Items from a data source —
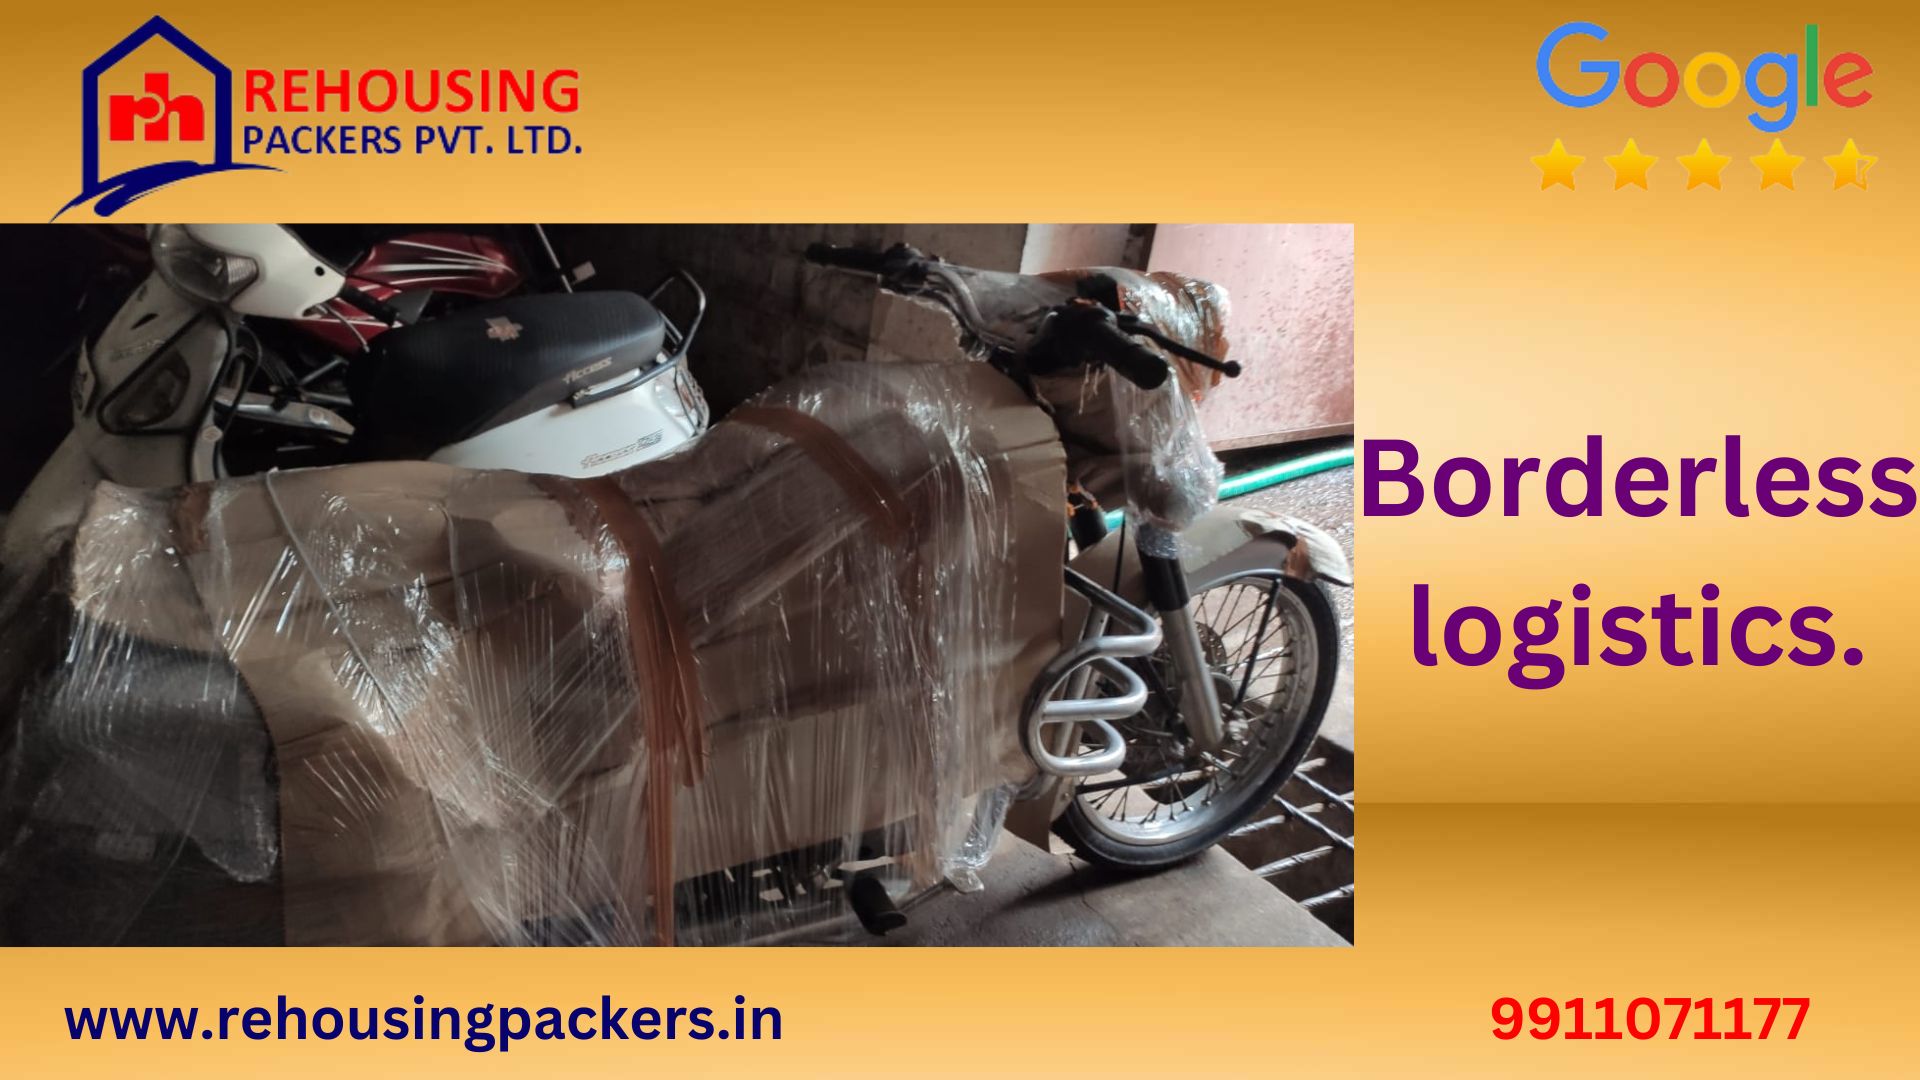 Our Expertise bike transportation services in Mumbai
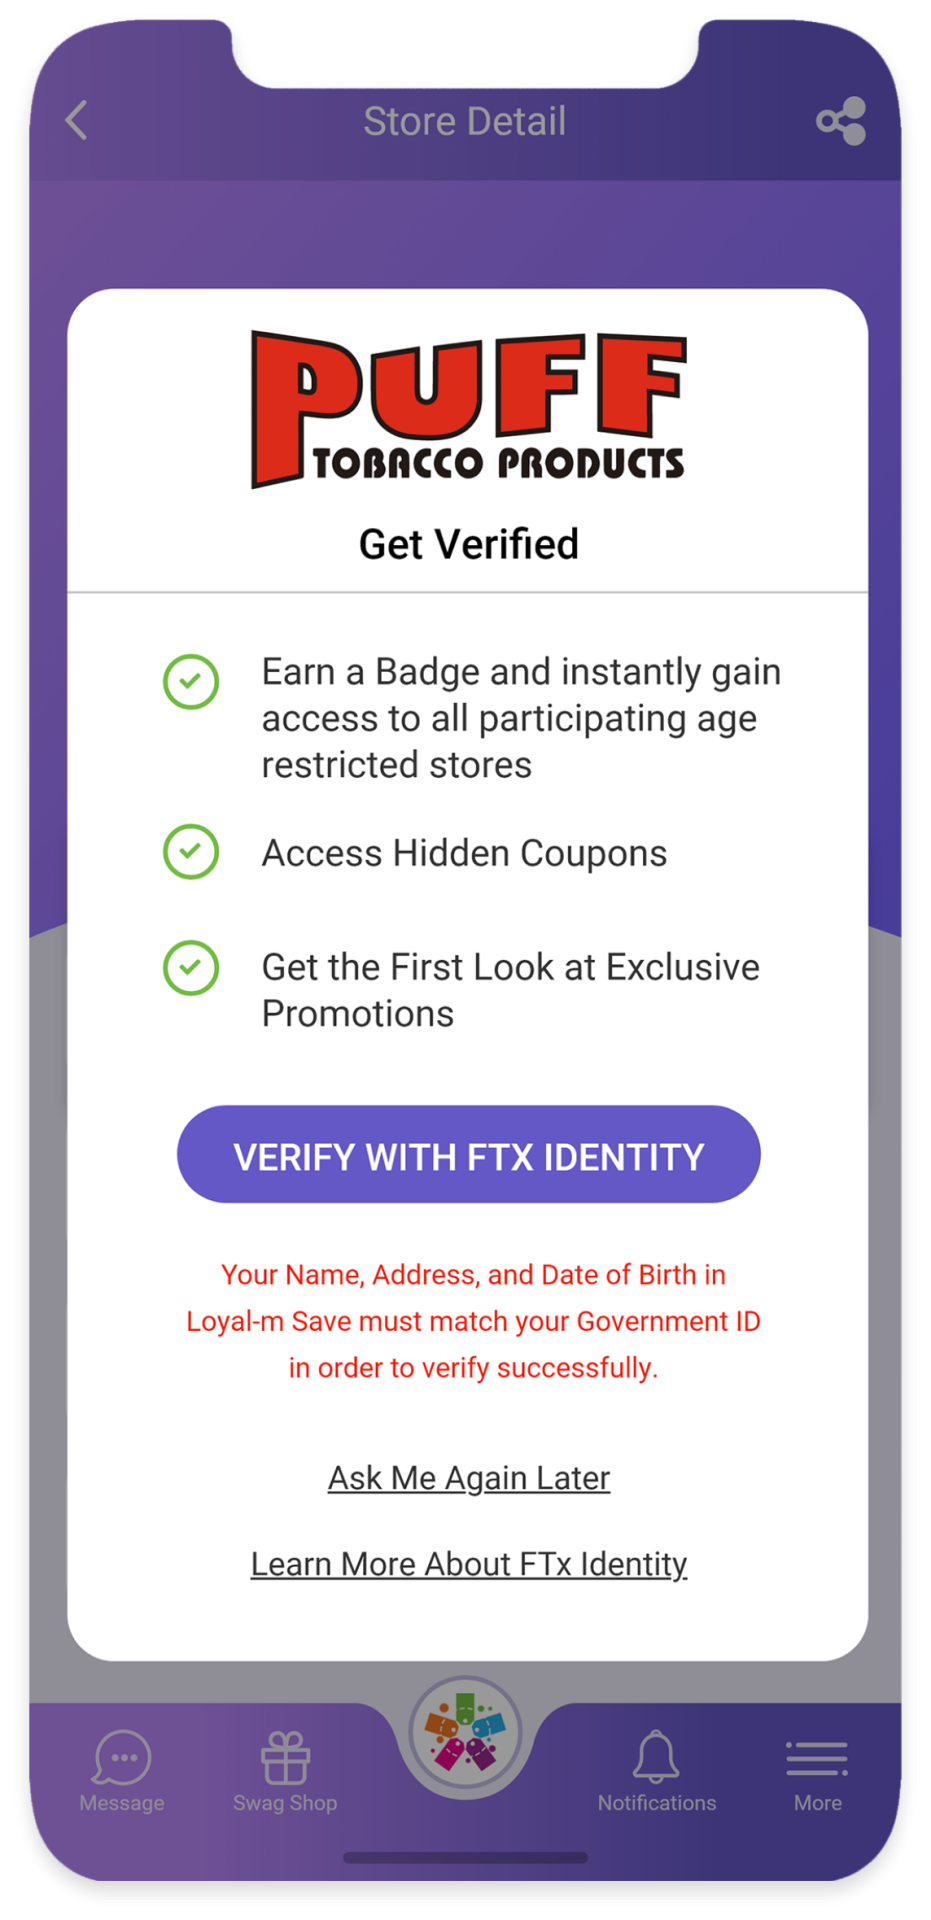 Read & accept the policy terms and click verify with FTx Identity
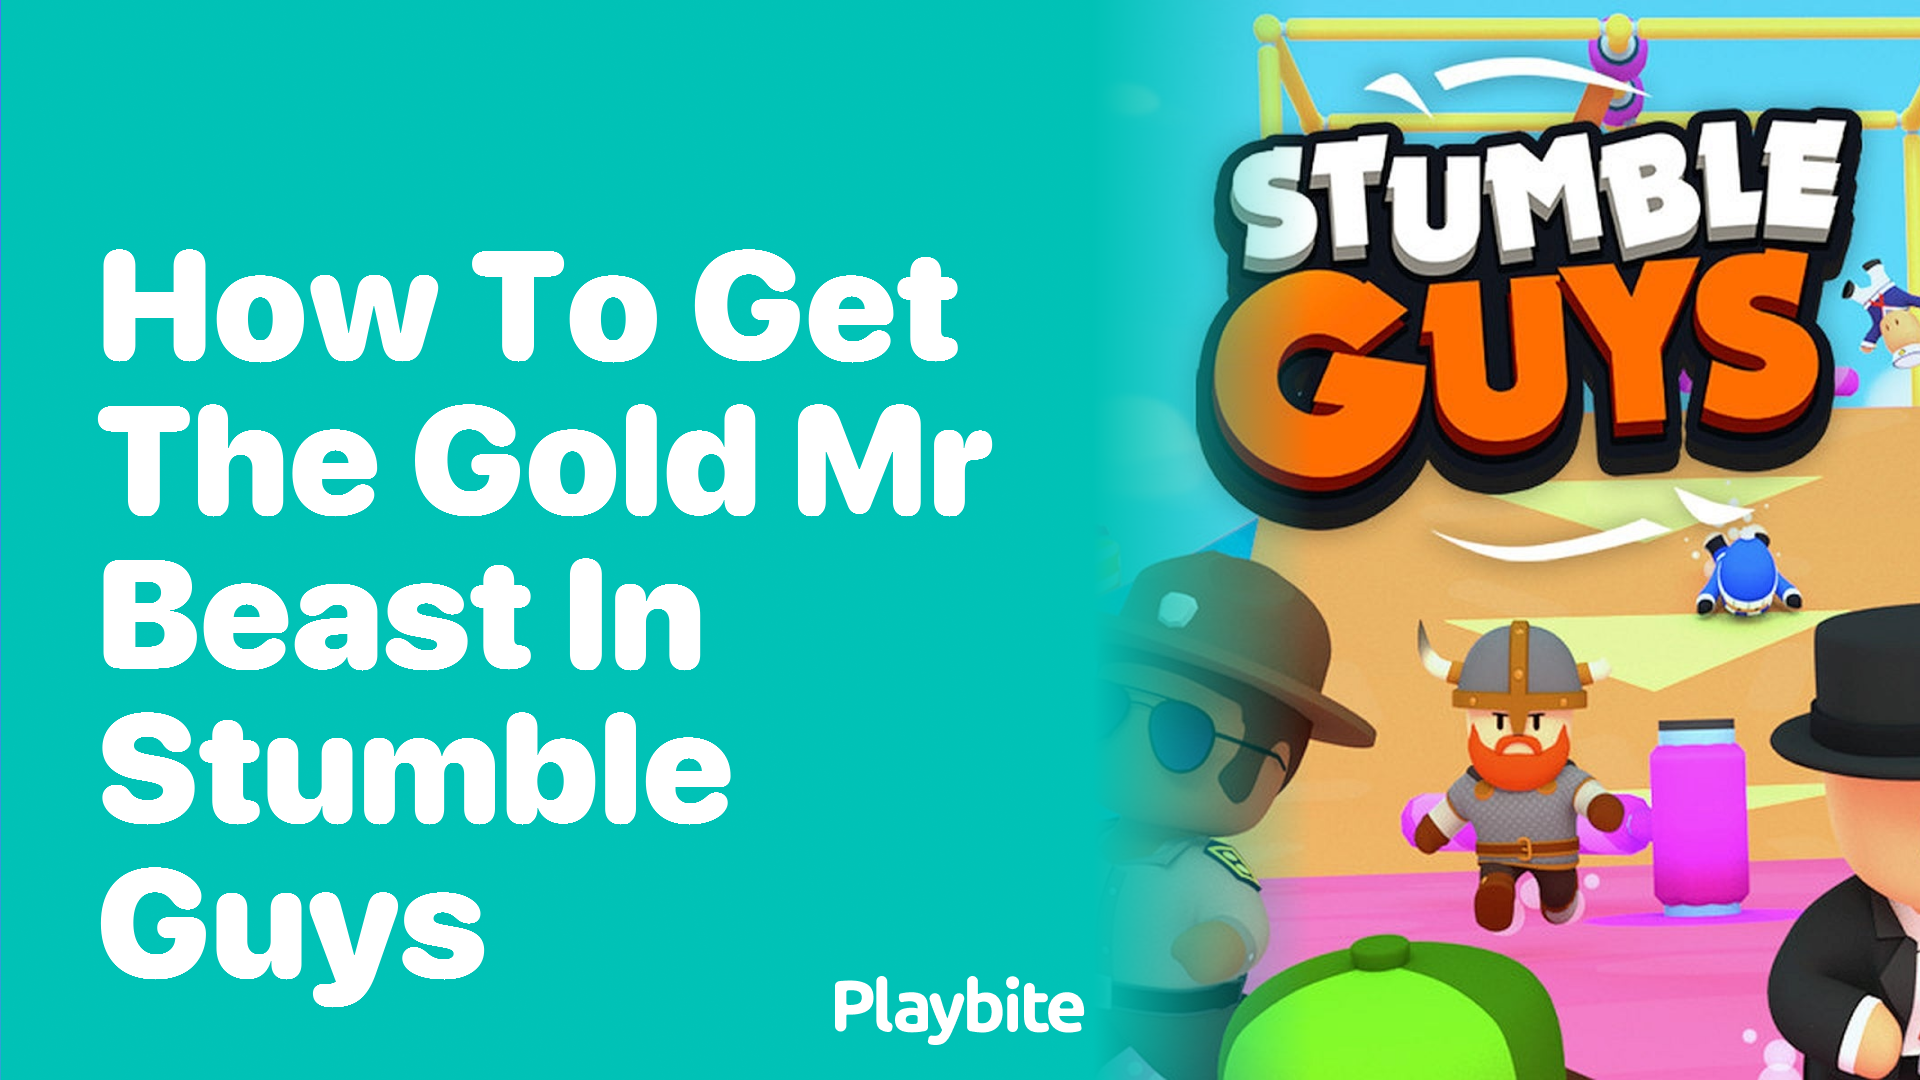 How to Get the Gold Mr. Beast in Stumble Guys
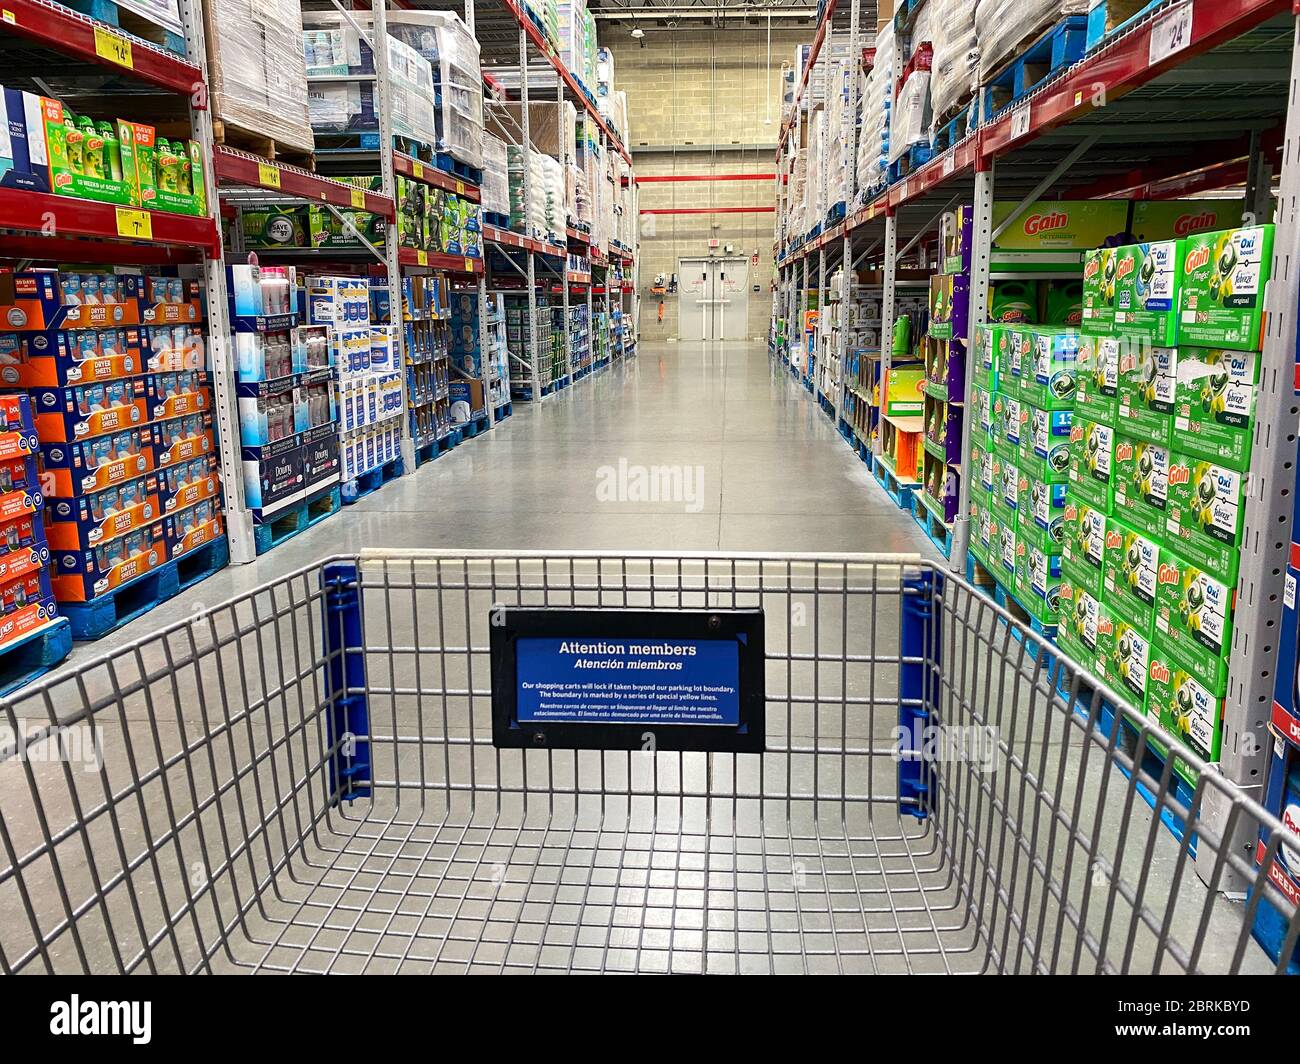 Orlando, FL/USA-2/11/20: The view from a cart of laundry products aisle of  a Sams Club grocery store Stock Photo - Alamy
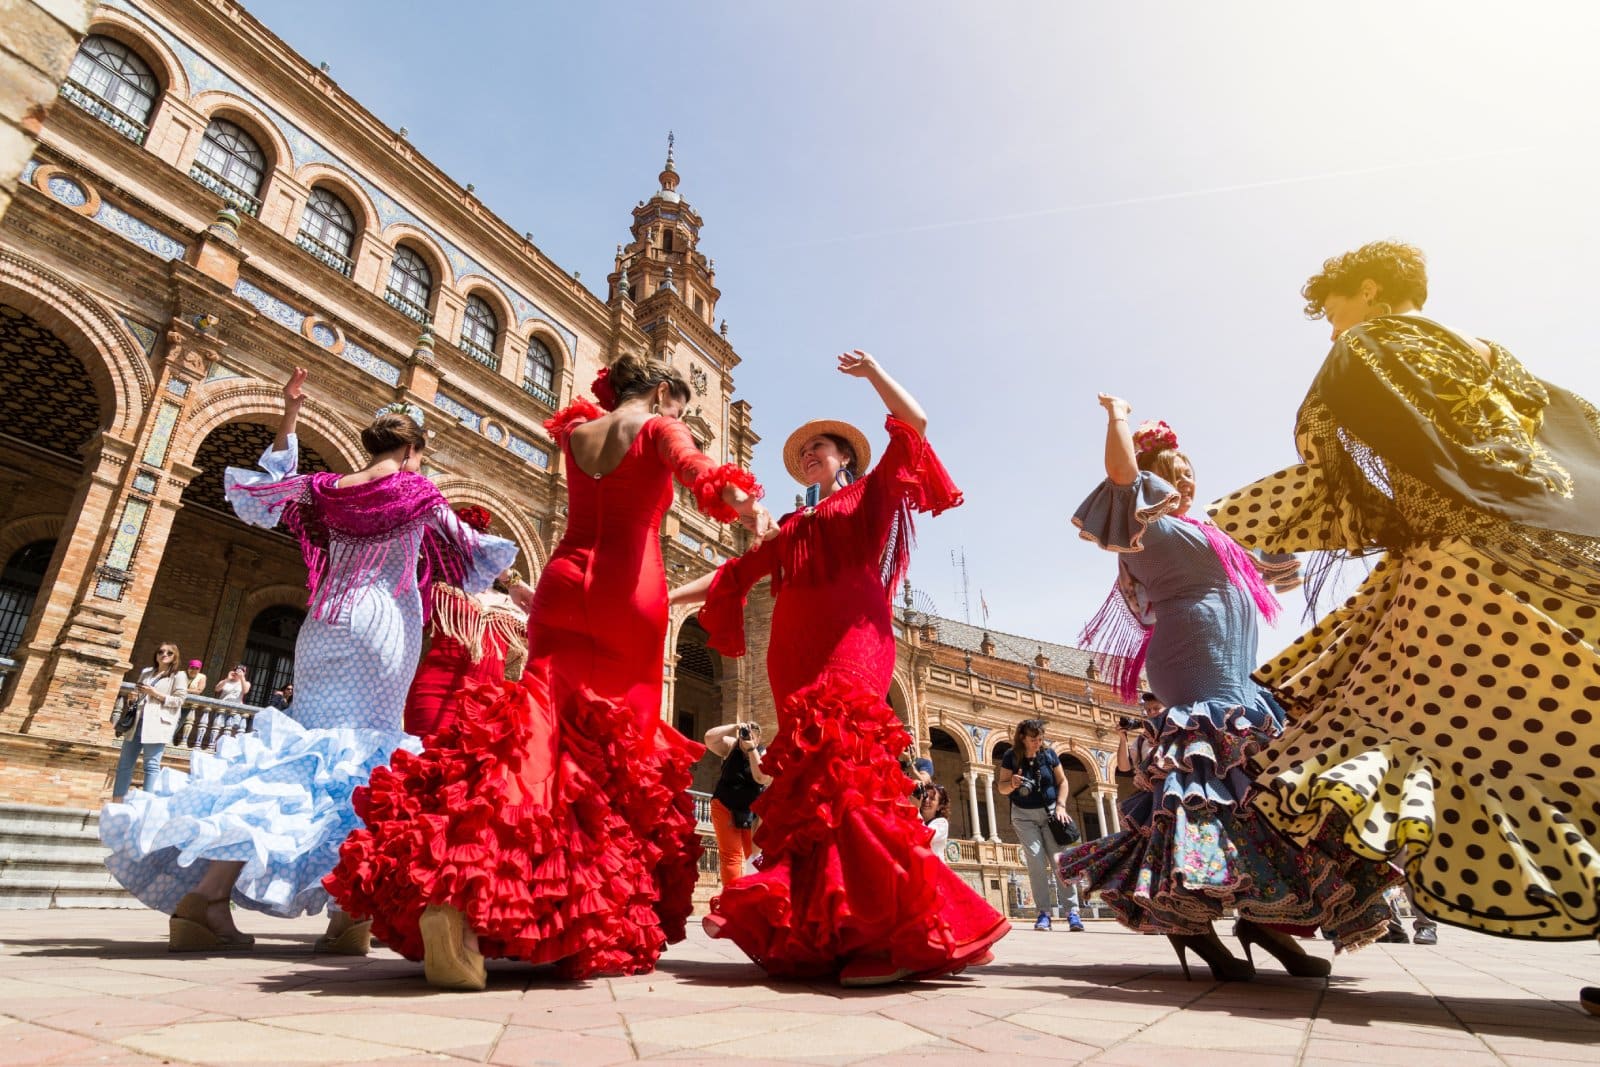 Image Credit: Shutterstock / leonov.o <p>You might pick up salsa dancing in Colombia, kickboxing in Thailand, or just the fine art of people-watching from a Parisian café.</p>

Exercise aim —
Transcribe exactly the lines above, beginning at the one with "How to Get the" and going up to and including the one with "Orlando, FL/USA-2/11/20: The". Pictures do not belong in the copy.

Task solution —
 How to Get the Gold Mr. Beast in Stumble Guys
 Orlando, FL/USA-2/11/20: The view from a cart of laundry products aisle of  a Sams Club grocery store Stock Photo - Alamy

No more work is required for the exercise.